New Equivalences Between Interpolation and SVMs: Kernels and Structured Features

Chiraag Kaushik,Andrew D. McRae,Mark A. Davenport,Vidya Muthukumar
2023-05-04
Abstract:The support vector machine (SVM) is a supervised learning algorithm that finds a maximum-margin linear classifier, often after mapping the data to a high-dimensional feature space via the kernel trick. Recent work has demonstrated that in certain sufficiently overparameterized settings, the SVM decision function coincides exactly with the minimum-norm label interpolant. This phenomenon of support vector proliferation (SVP) is especially interesting because it allows us to understand SVM performance by leveraging recent analyses of harmless interpolation in linear and kernel models. However, previous work on SVP has made restrictive assumptions on the data/feature distribution and spectrum. In this paper, we present a new and flexible analysis framework for proving SVP in an arbitrary reproducing kernel Hilbert space with a flexible class of generative models for the labels. We present conditions for SVP for features in the families of general bounded orthonormal systems (e.g. Fourier features) and independent sub-Gaussian features. In both cases, we show that SVP occurs in many interesting settings not covered by prior work, and we leverage these results to prove novel generalization results for kernel SVM classification.
Machine Learning
What problem does this paper attempt to address?

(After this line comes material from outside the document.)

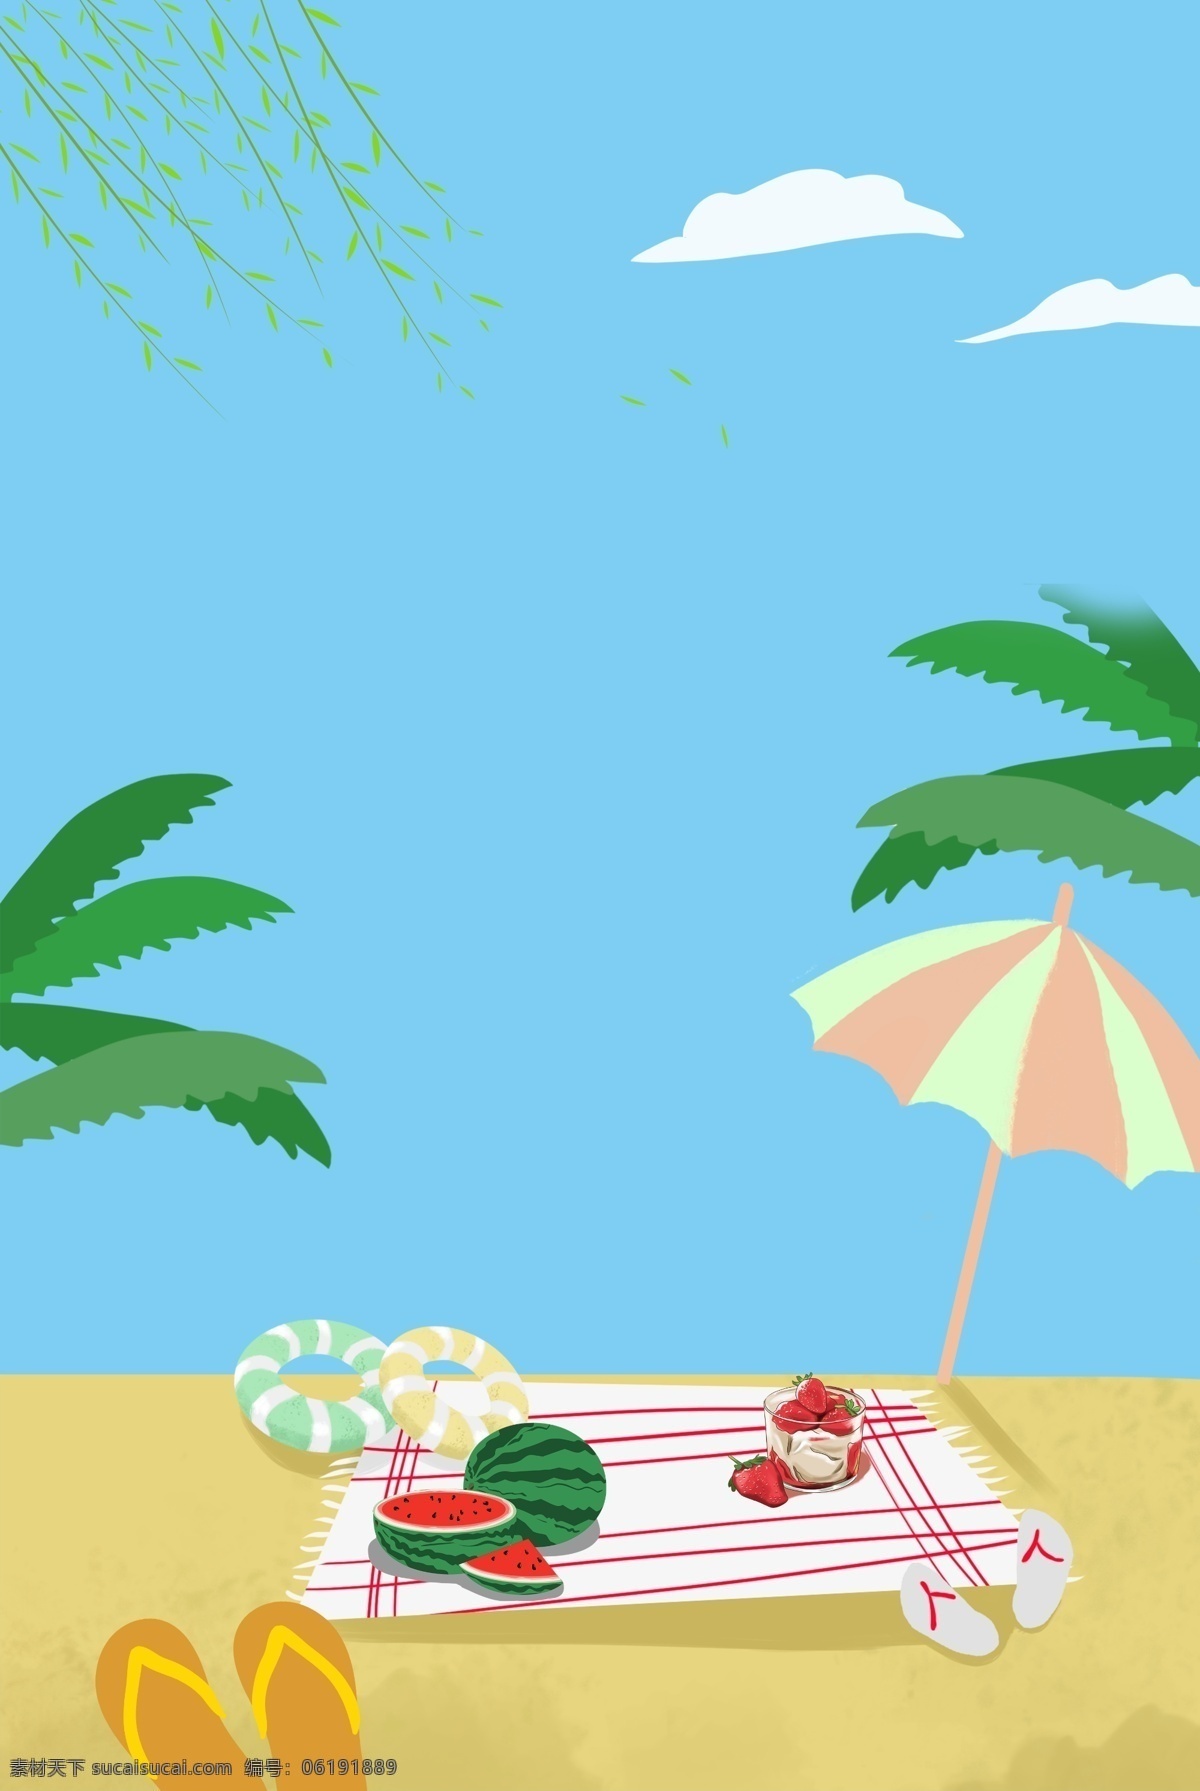 夏季 海滩 蓝色 文艺 海报 banner 背景 蓝色背景 psd源文件 淘宝 天猫 叶子 树木 开心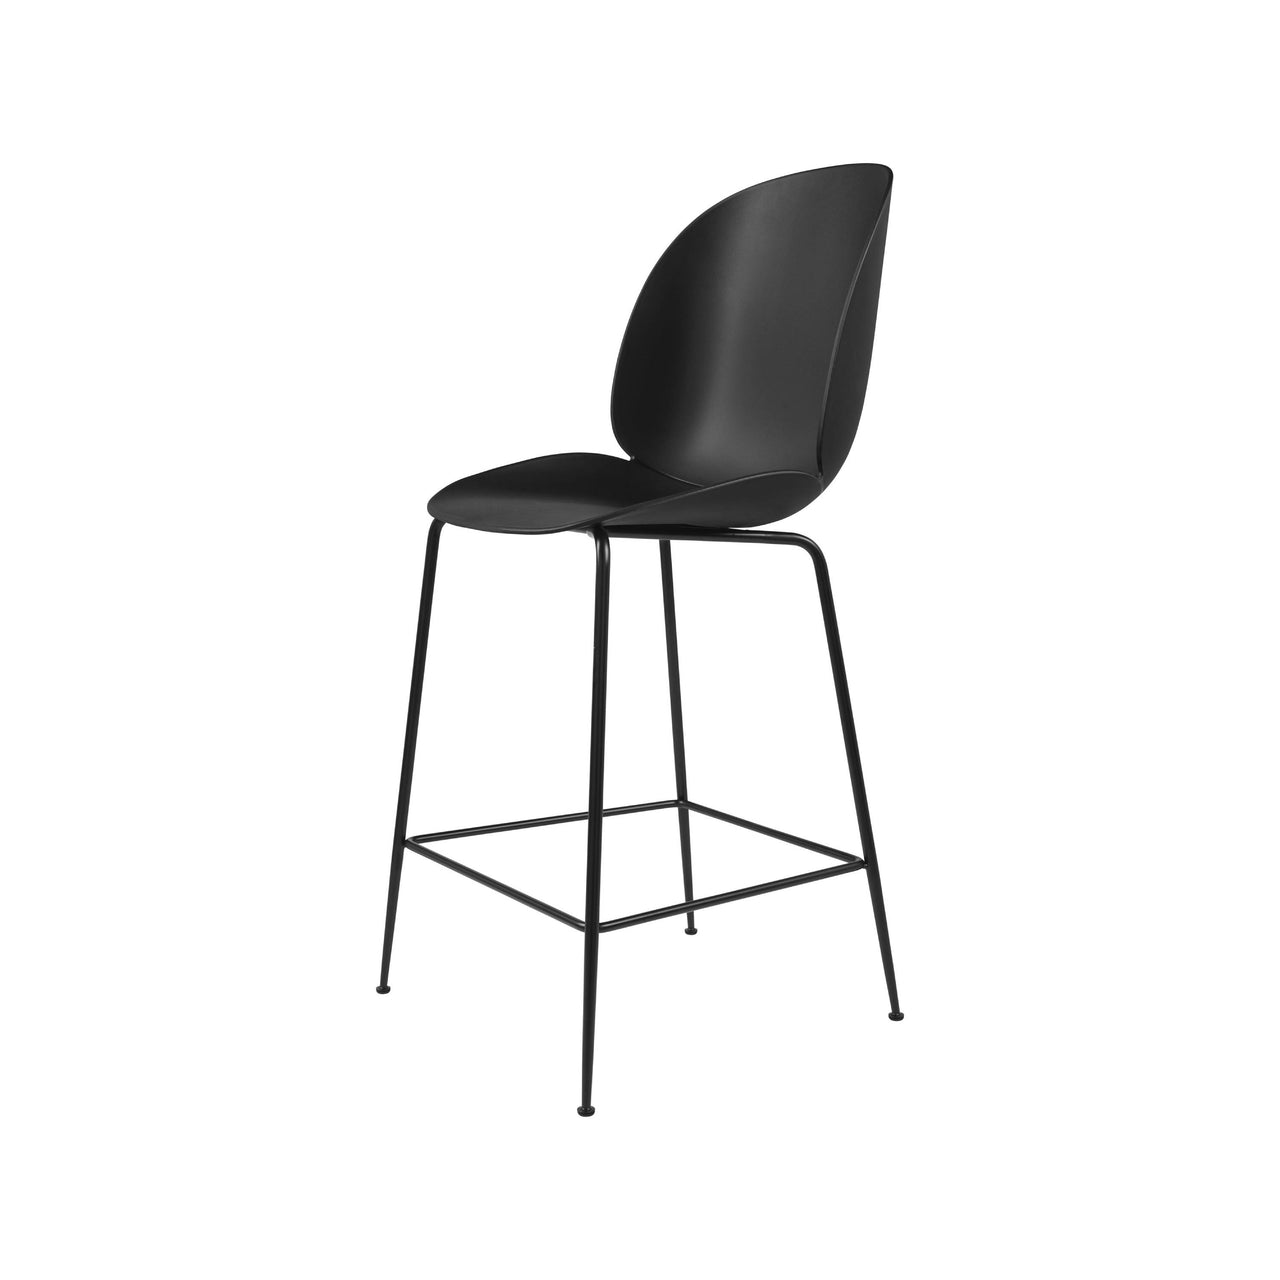 Beetle Bar + Counter Chair: Counter + Black + Black Matt

### Problems Addressed by the Paper The paper primarily explores the behavior of Support Vector Machines (SVM) in over-parameterized settings, particularly in kernel methods. Specifically: 1. **Support Vector Proliferation (SVP) Phenomenon**: - The paper investigates the phenomenon where, in certain over-parameterized settings, the decision function of the SVM coincides exactly with the minimum norm interpolation, known as Support Vector Proliferation (SVP). This phenomenon allows the performance of SVMs to be understood by studying the minimum norm interpolation. 2. **Theoretical Framework**: - A new analytical framework is proposed to demonstrate that in any Reproducing Kernel Hilbert Space (RKHS), the labels under different generative models satisfy the SVP condition. This includes general bounded orthogonal systems (such as Fourier features) and independent sub-Gaussian features. 3. **Generalization Performance**: - Using these results, new generalization results for kernel SVM classification are proven, especially in highly parameterized scenarios where traditional generalization bounds do not apply. 4. **Extension of Existing Work**: - Compared to previous work, the paper relaxes assumptions on data distribution and dimensionality, allowing for more structured feature mappings and not relying on the independence or sub-Gaussianity of features. 5. **Experimental Validation**: - Through specific examples (such as the double-layer ensemble model), the conditions under which SVP occurs in particular settings are demonstrated, and its effectiveness in highly structured features is validated. In summary, the paper aims to deepen the understanding of SVM behavior in over-parameterized settings and provides new theoretical tools to analyze its performance in complex feature spaces.